'Blue' Gene Tyranny

Robert Nathan Sheff (January 1, 1945 – December 12, 2020[1]), known professionally as "Blue" Gene Tyranny, was an avant-garde composer and pianist.

Robert Nathan Sheff
Birth nameJoseph Gantic
Also known as“Blue” Gene Tyranny
BornJanuary 1, 1945
San Antonio
DiedDecember 12, 2020(2020-12-12) (aged 75)
Long Island City

Early life[]

Tyranny was born Joseph Gantic in San Antonio on January 1, 1945 to William and Eleanor Gantic. Later that year, after his birth father went missing in the Asian theater of World War II, he was adopted by Dorothy and Meyer Sheff of San Antonio and his name was changed to Robert Nathan.[2][3][4] Tyranny was raised in the Lutheran church.[5] He studied piano with Meta Hertwig and Rodney Hoare, and composition with Otto Wick and Frank Hughes.

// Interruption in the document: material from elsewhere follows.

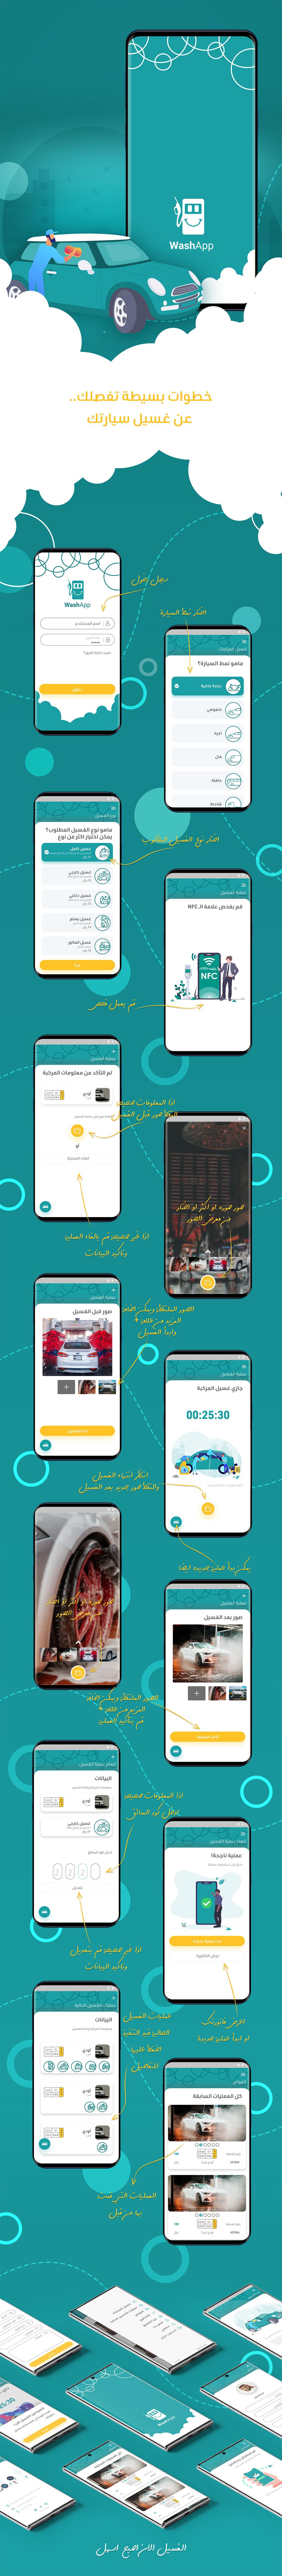 design2_web

Tyranny began his performance career in high school, playing pieces by major composers (such as John Cage) with Philip Krumm in a concert series in San Antonio. He has toured with the Carla Bley Band in 1977[6] and The Prime Movers (which included Iggy Pop and Michael Erlewine) as well as Iggy & The Stooges (in 1973). He has performed on albums by Laurie Anderson (Strange Angels), David Behrman (On the Other Ocean), John Cage (Cheap Imitation and Empty Words), Peter Gordon, and Robert Ashley (Perfect Lives, Dust, Celestial Excursions), with whom he frequently collaborated. Tyranny's albums include Out of the Blue (1977 Lovely Music LML 1061 [LP], 2007 Unseen Worlds UW01 [CD]), The Intermediary (1982 Lovely Music [LP] 1063, 2008 Lovely Music [CD]) Country Boy Country Dog (How To Discover Music in the Sounds of Your Daily Life) (1994 Lovely Music LCD 1065), Free Delivery (1999 Lovely Music LCD 1064), and The Somewhere Songs/The Invention of Memory (2008 Mutable 17529-2 [CD]).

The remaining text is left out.